--- WHAT YOU NEED TO DO ---
Give back the full listing exactly, setting the pictures aside.

--- PROVIDED DATA ---
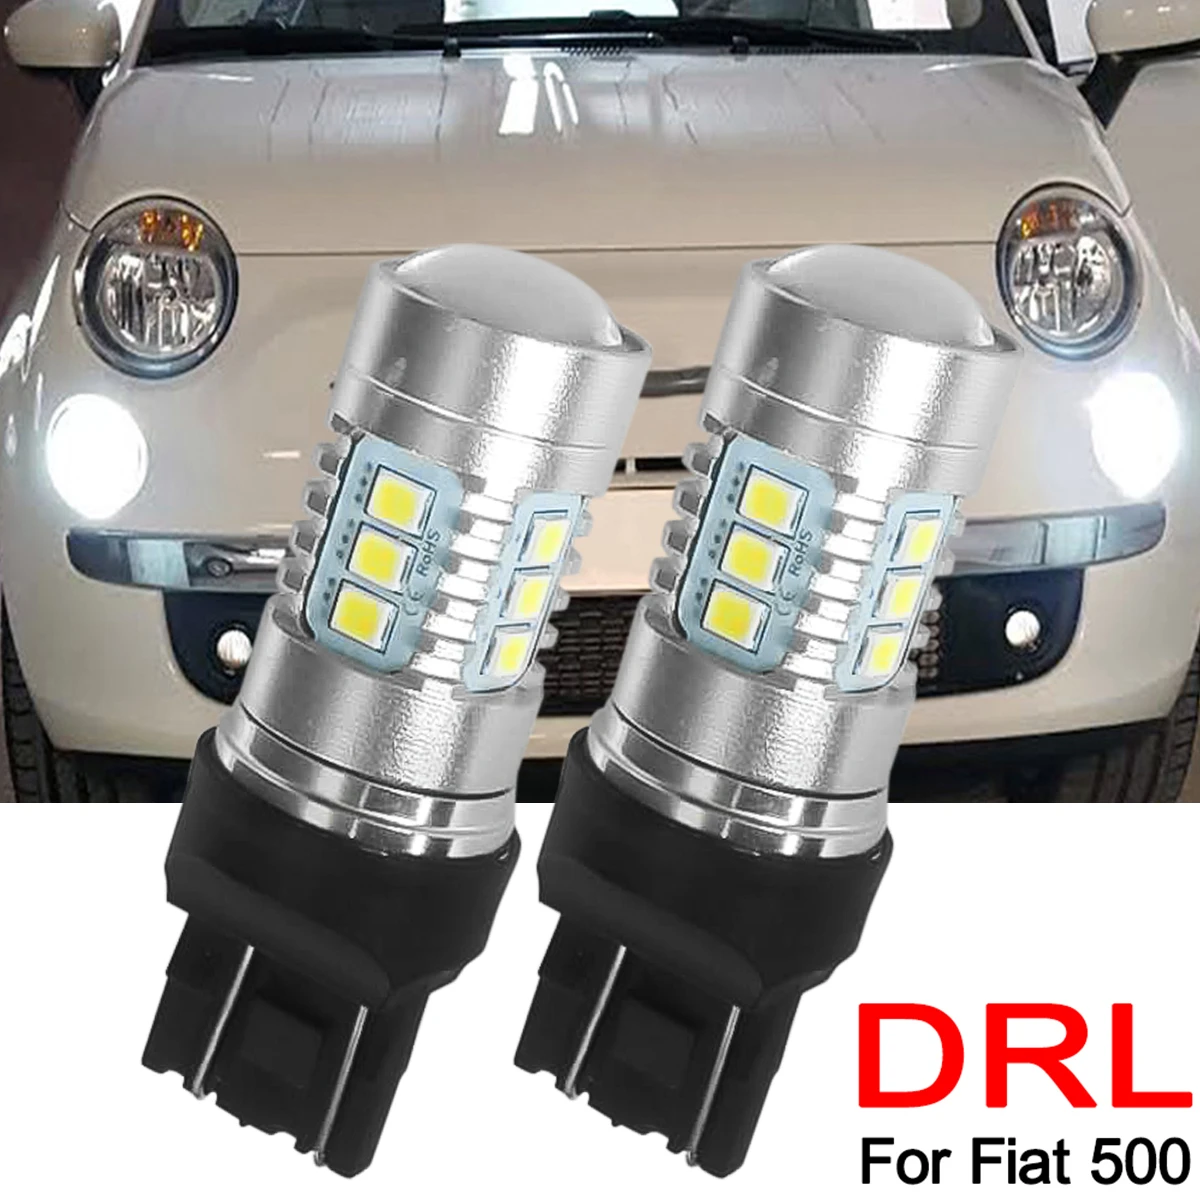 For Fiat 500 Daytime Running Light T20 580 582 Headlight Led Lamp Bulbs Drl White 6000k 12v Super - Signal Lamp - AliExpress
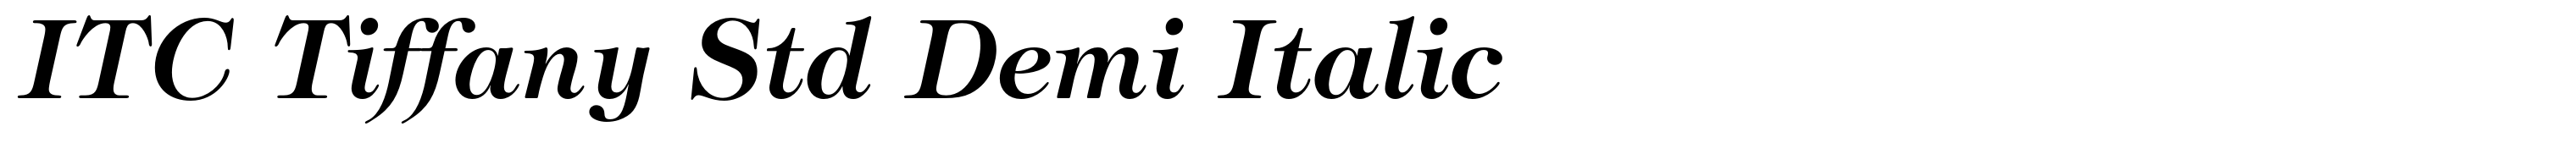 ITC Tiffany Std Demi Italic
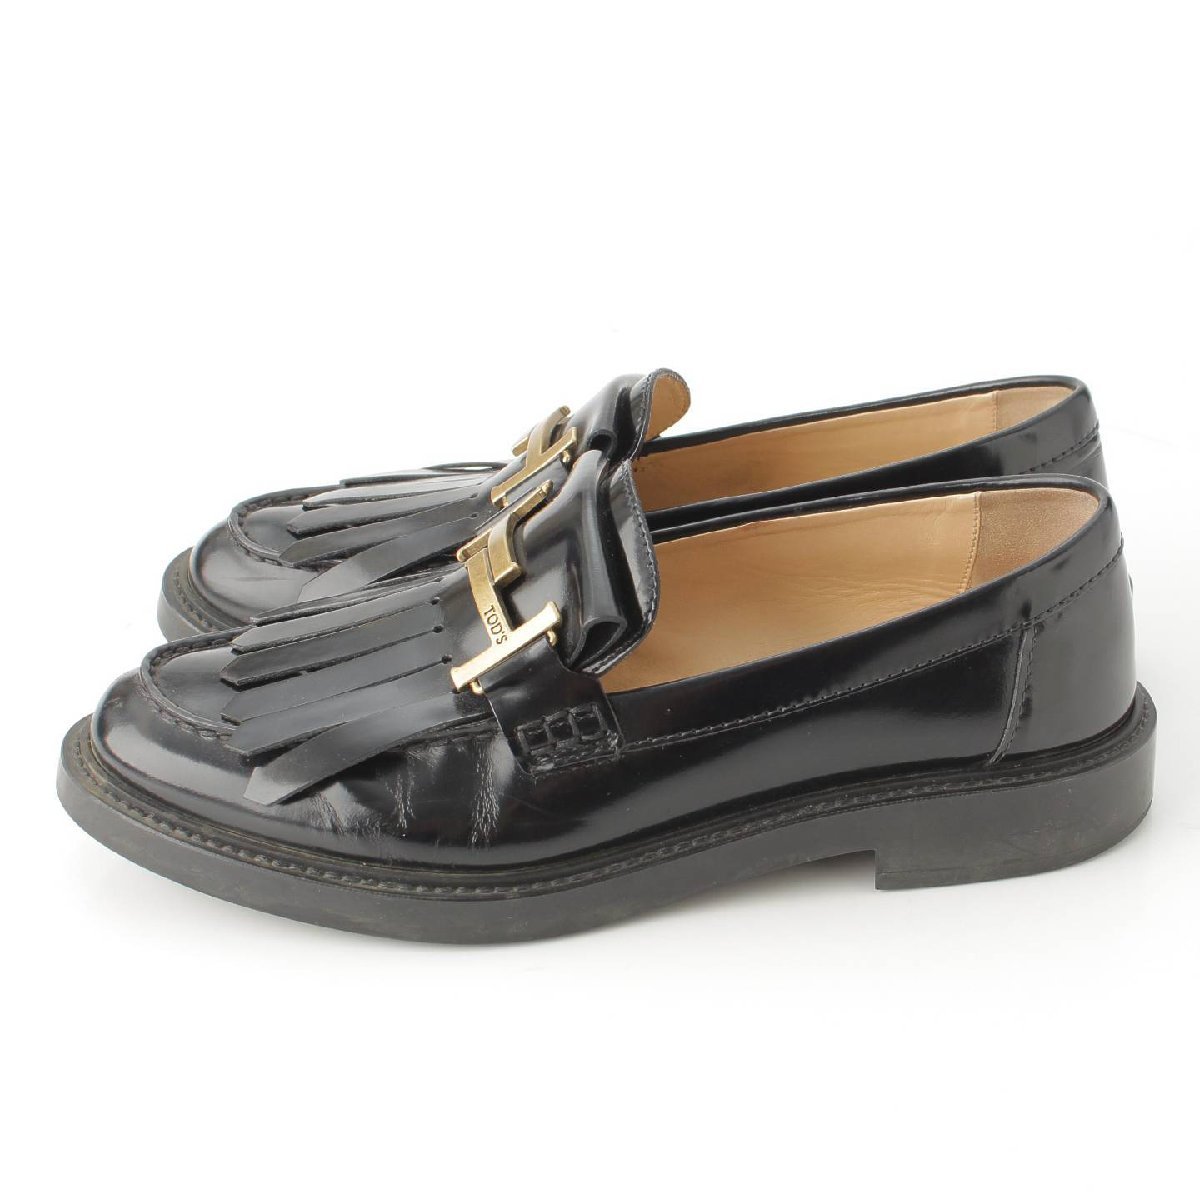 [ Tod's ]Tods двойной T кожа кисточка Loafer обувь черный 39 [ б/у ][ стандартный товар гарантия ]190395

--- TASK SOLUTION ---
 For Fiat 500 Daytime Running Light T20 580 582 Headlight Led Lamp Bulbs Drl White 6000k 12v Super - Signal Lamp - AliExpress
 ITC Tiffany Std Demi Italic
 [ Tod's ]Tods двойной T кожа кисточка Loafer обувь черный 39 [ б/у ][ стандартный товар гарантия ]190395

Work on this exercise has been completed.